Where the business case shows gains or net cash inflows, taxes operate to lower overall gains because operating income and capital gains are normally taxed. If the total income tax rate is, say 30%, a $100 operating gain becomes a $70 net gain after taxes.
Where the business case shows losses or net cash outflows, tax effects operate to reduce the overall loss. For a company that pays 30% taxes on income, a $100 operating loss (or net cost) also reduces the company's tax liability by $30. The net effect of the $100 loss on overall cash flow is thus $70.
When the Corporate case includes capital assets, tax savings from depreciation improve the bottom line
Where the business case includes the acquisition of capital assets (either through purchase or capital lease), tax savings from depreciation can operate to increase overall cash flow.

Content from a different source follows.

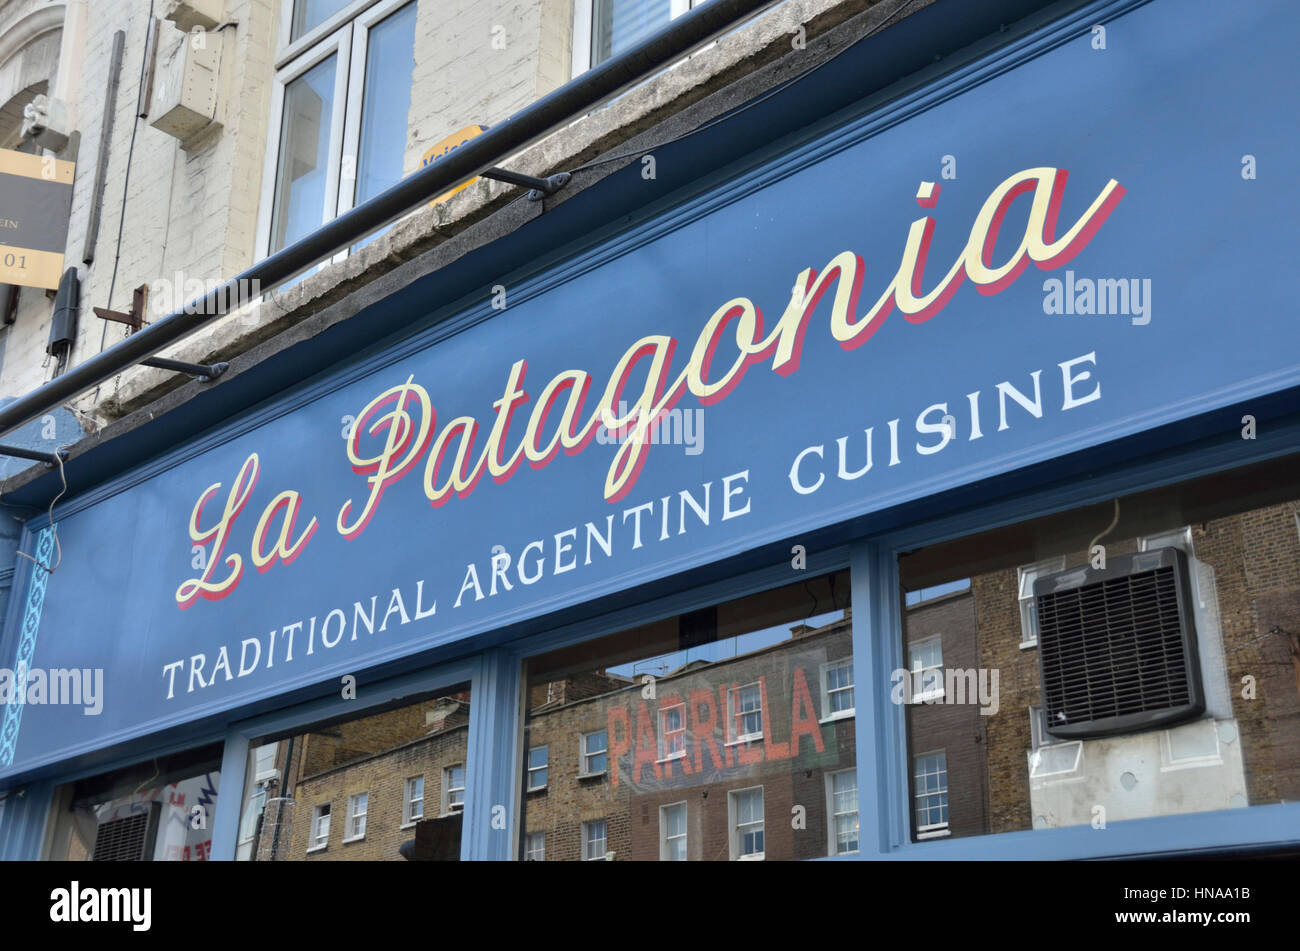 La Patagonia Argentina tradicional restaurante en la ciudad de Camden, Londres, Reino Unido. Foto de stock
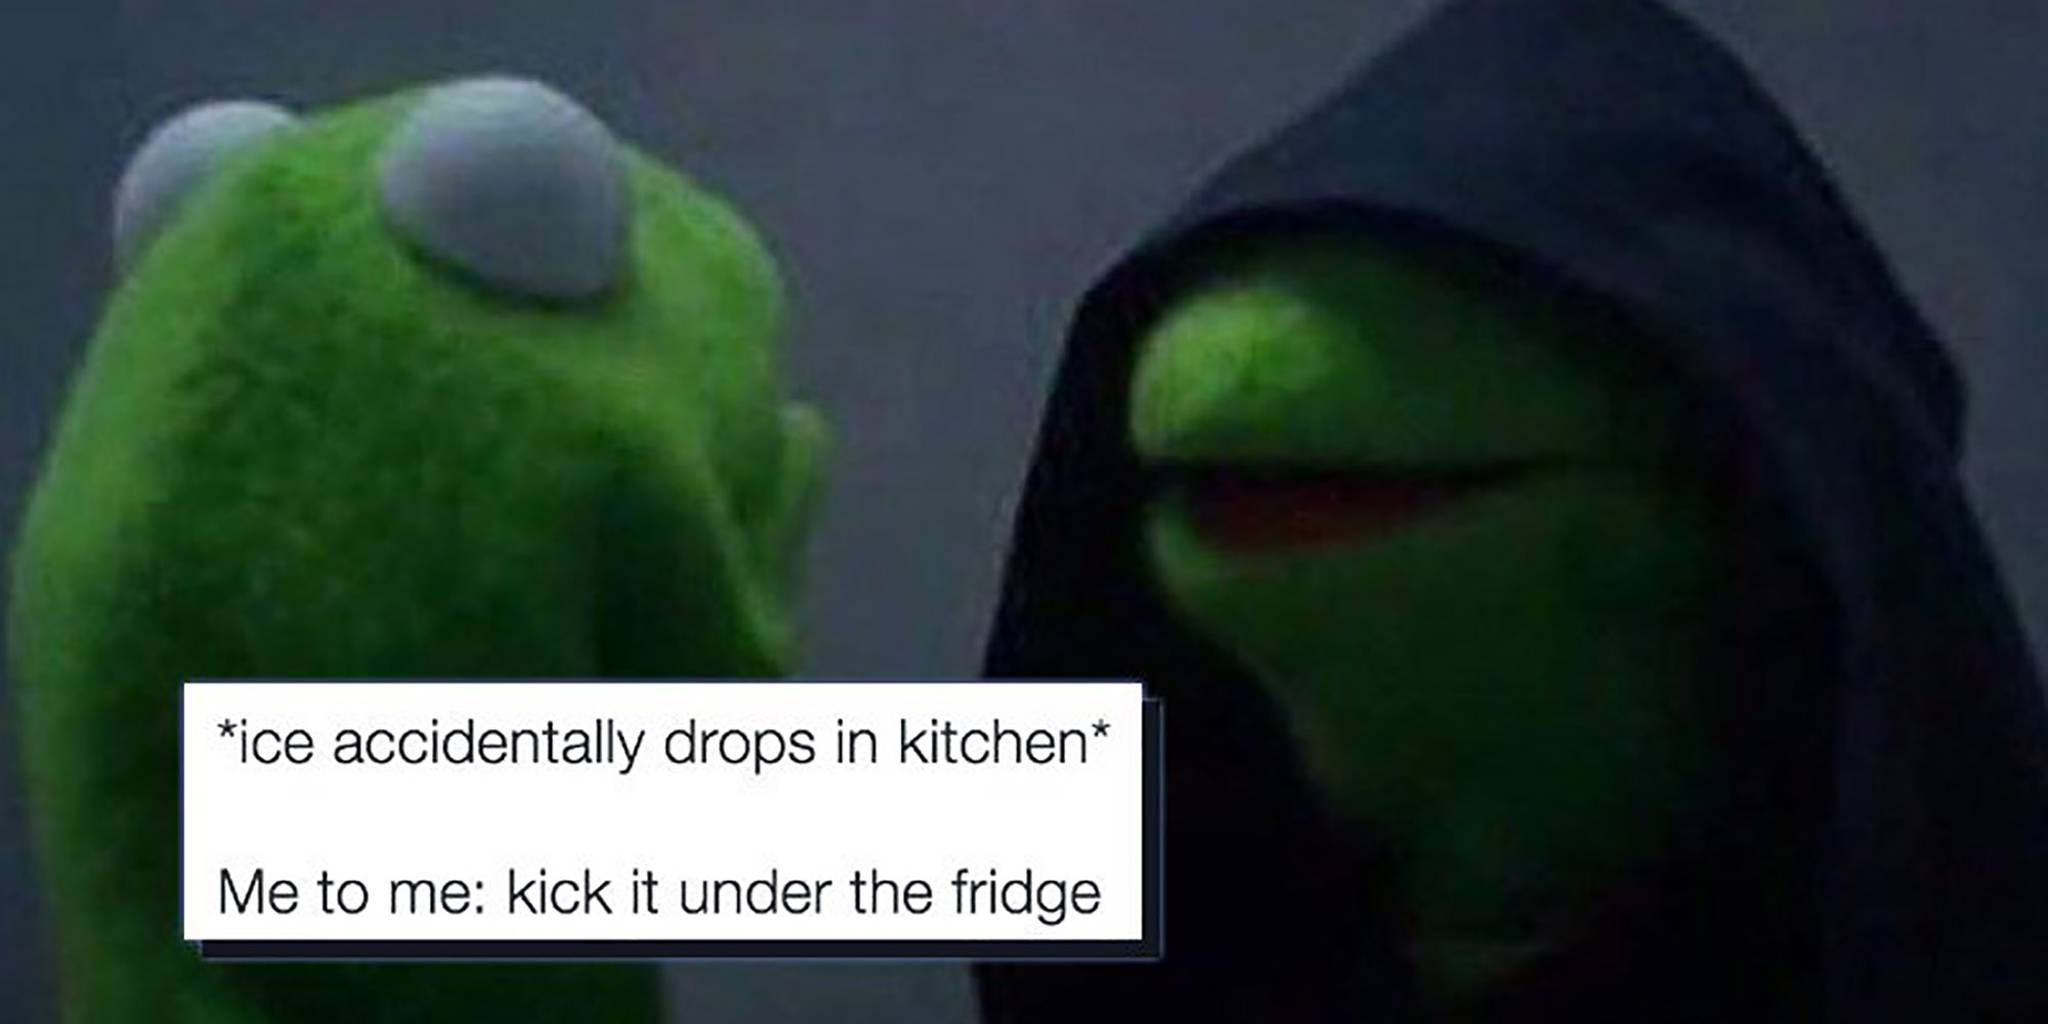 The Evil Kermit Meme Channels Your Darkest Desires. helpful non helpful. da...

Depreciation expenses themselves do not contribute to cash flow: they are an accounting convention that impacts reported income, but not a real cash outflow. However, because
depreciation expenses lower reported income, they also lower the tax liability, which does impact real cash flow. If a company claims $100 depreciation expense on an asset during the year, and if the company ordinarily pays a 30% tax rate on operating income, then the depreciation expense lowers taxes by $30 (that is, the net cash flow for the year is increased by $30). Should you build an "after tax" or a "before tax" version of the financial business case? Sometimes one version is more appropriate than the other; in other cases, both versions are called for. Here are some factors to consider:
What effect does adding or removing tax consequences have on business case results?
Tax effects can be especially important where different financing options are under consideration, as for instance in a "Lease vs. Buy" comparison, or when comparing a capital lease scenario with an operating lease scenario. In situations where before and after tax versions of the business case differ substantially where tax effects on overall results are largethen tax planning itself may be an important management concern, and both versions of the case should probably be in view.